A moderate to good reliability was found within rater measurements. The average measure ICC2k was 0.81 with a 95% confidence interval from 0.70 to 0.90 F(27, 513) = 5.3, p < 0.0001.

The results of the listening test revealed that the original neutral synthesized voices were considered more likable than voices with advertising styles transferred on them [Moriginal = 0.39 vs. Mcalm =0.09, t(130) = 2.48, p = 0.014; Moriginal = 0.39 vs. Menergetic = −0.21, t(141) = 4.81, p < 0.001]. Of the advertising styles transferred on the original voices, the listeners overwhelmingly preferred the calm advertisement style [Mcalm = 0.09 vs.

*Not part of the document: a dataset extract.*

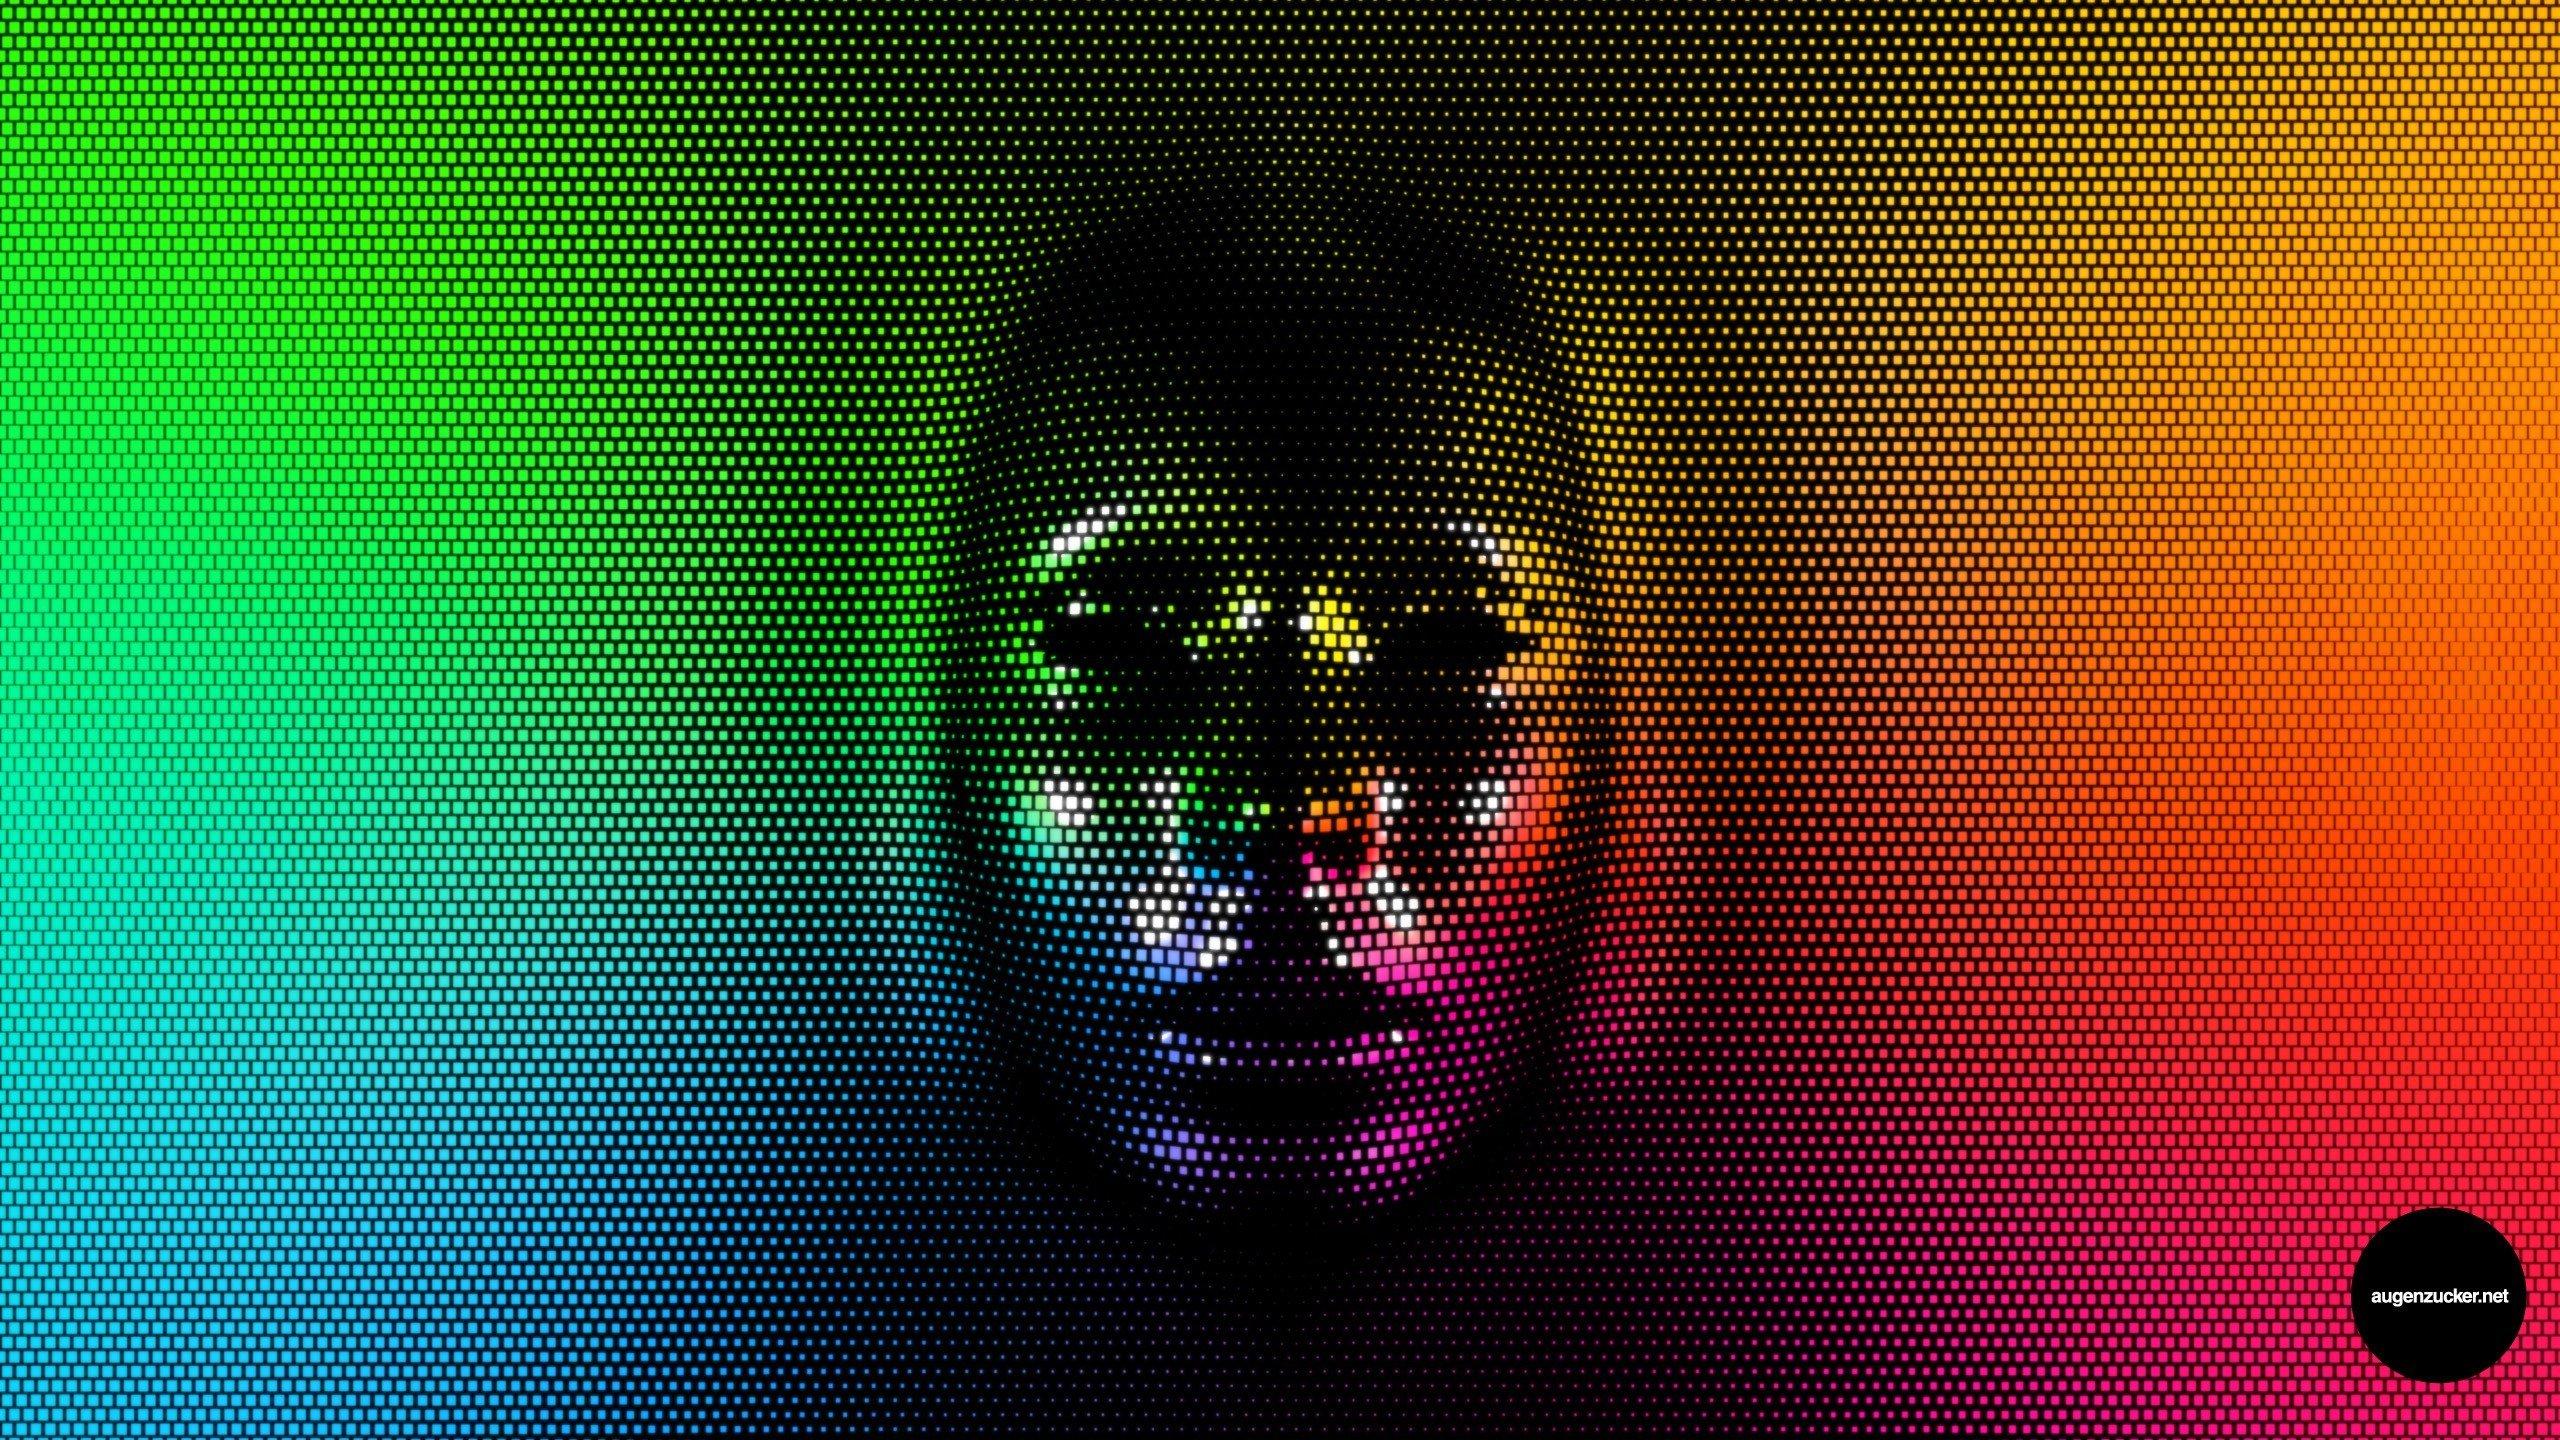 Wallpaper 2560x1440 Px Face Pixels Rainbow Colors

Menergetic = −0.21, t(474) = 3.4, p < 0.001], see Figure 1.

FIGURE 1
www.frontiersin.org

Figure 1. The normalized likability scores for the original synthesized speech and the style-transferred calm and energetic advertising styles.

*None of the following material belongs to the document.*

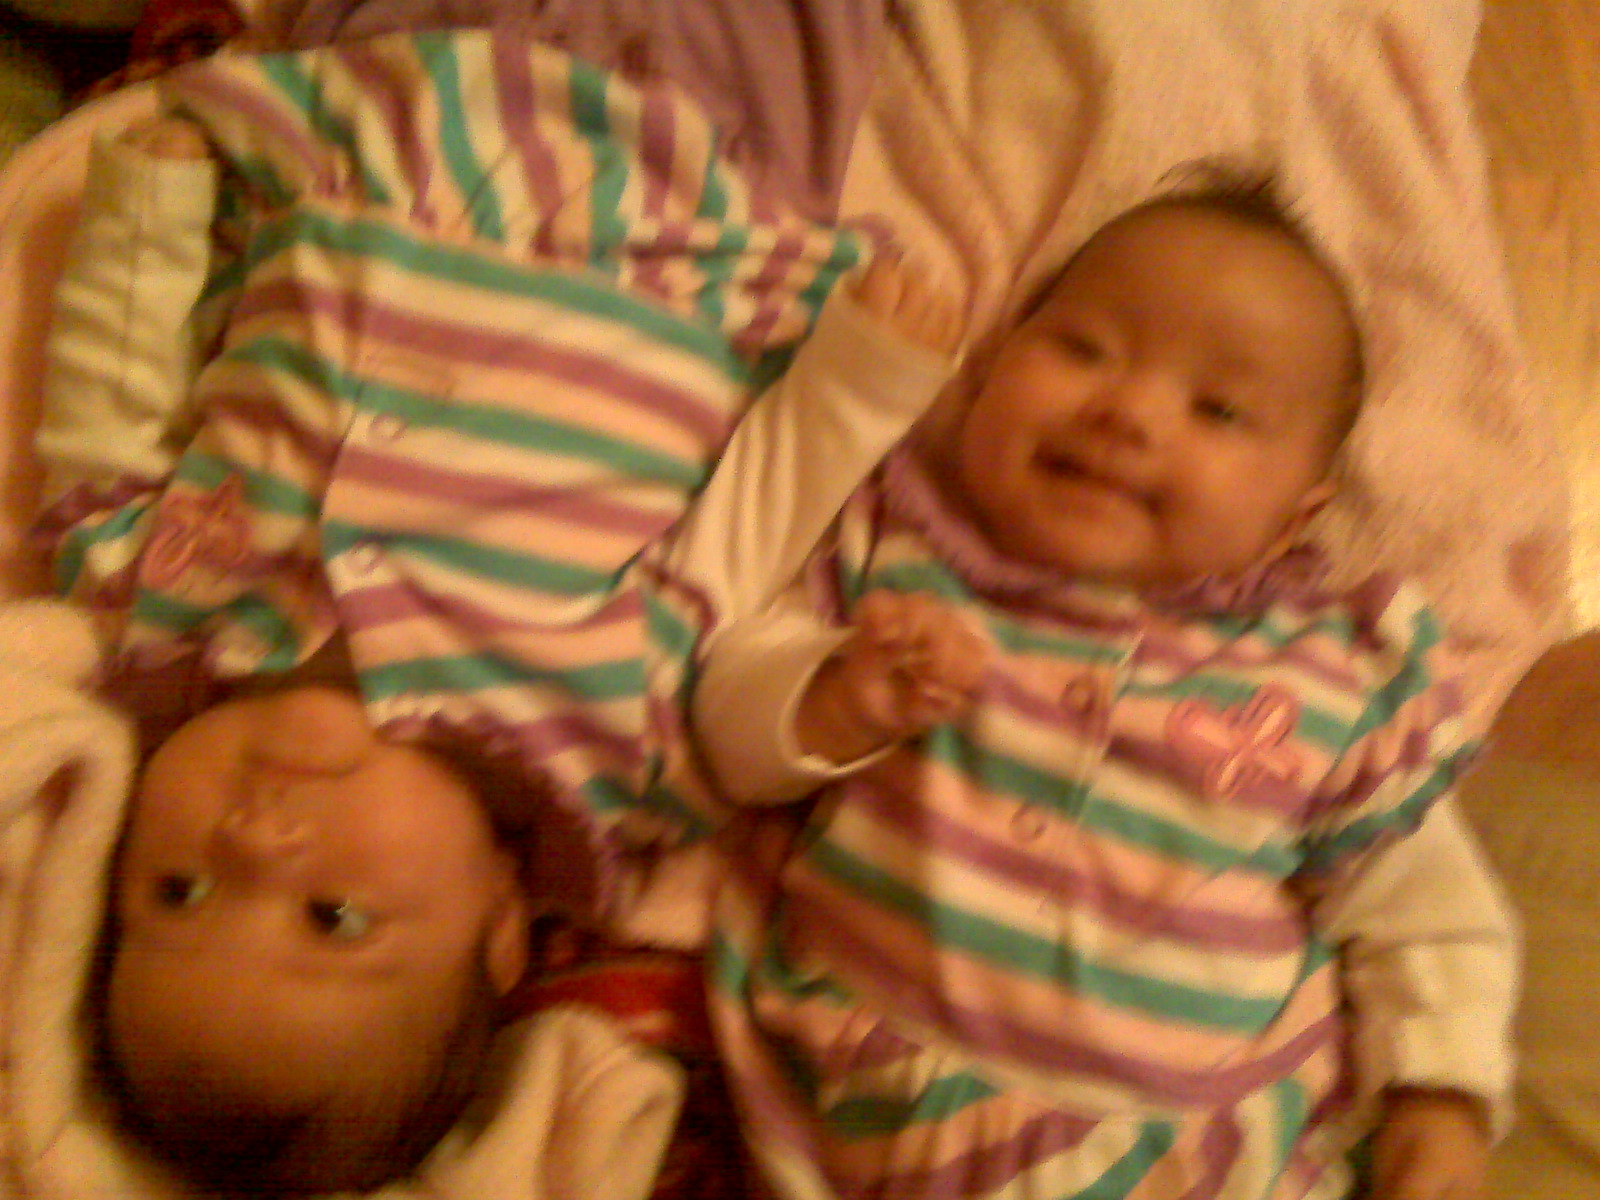 Citlali Olivia & Paloma Edith Do Purple. #newborns #tinyperfections

Looking at the synthesized voices separately, the original neutral synthesized voices ranked best to worst as follows: F2 (M = 0.55), M2 (M = 0.41), F1 (M = 0.39), M1 (M = 0.20), but there was no significant difference in their scores. The calm advertising style was rated significantly higher than the energetic style in the cases of F1 and M2 [MF1_calm = 0.39 vs. MF1_energetic = −0.29, t(113) = 2.42, p = 0.017; MM2_calm = 0.02 vs. MM2_energetic = −0.69, t(117) = 4.21, p < 0.0001]. There was no significant difference between the two styles for F2 and M1 [MF2_calm = 0.03 vs. MF2_energetic = 0.14, t(117) = −0.58, p = 0.527; MM1_calm = 0.19 vs. MM1_energetic = −0.01, t(118) = 1.15, p = 0.252], see Figure 2.

FIGURE 2
www.frontiersin.org

Figure 2. The normalized likability scores for the original synthesized speech and the style-transferred calm and energetic advertising styles for each voice separately.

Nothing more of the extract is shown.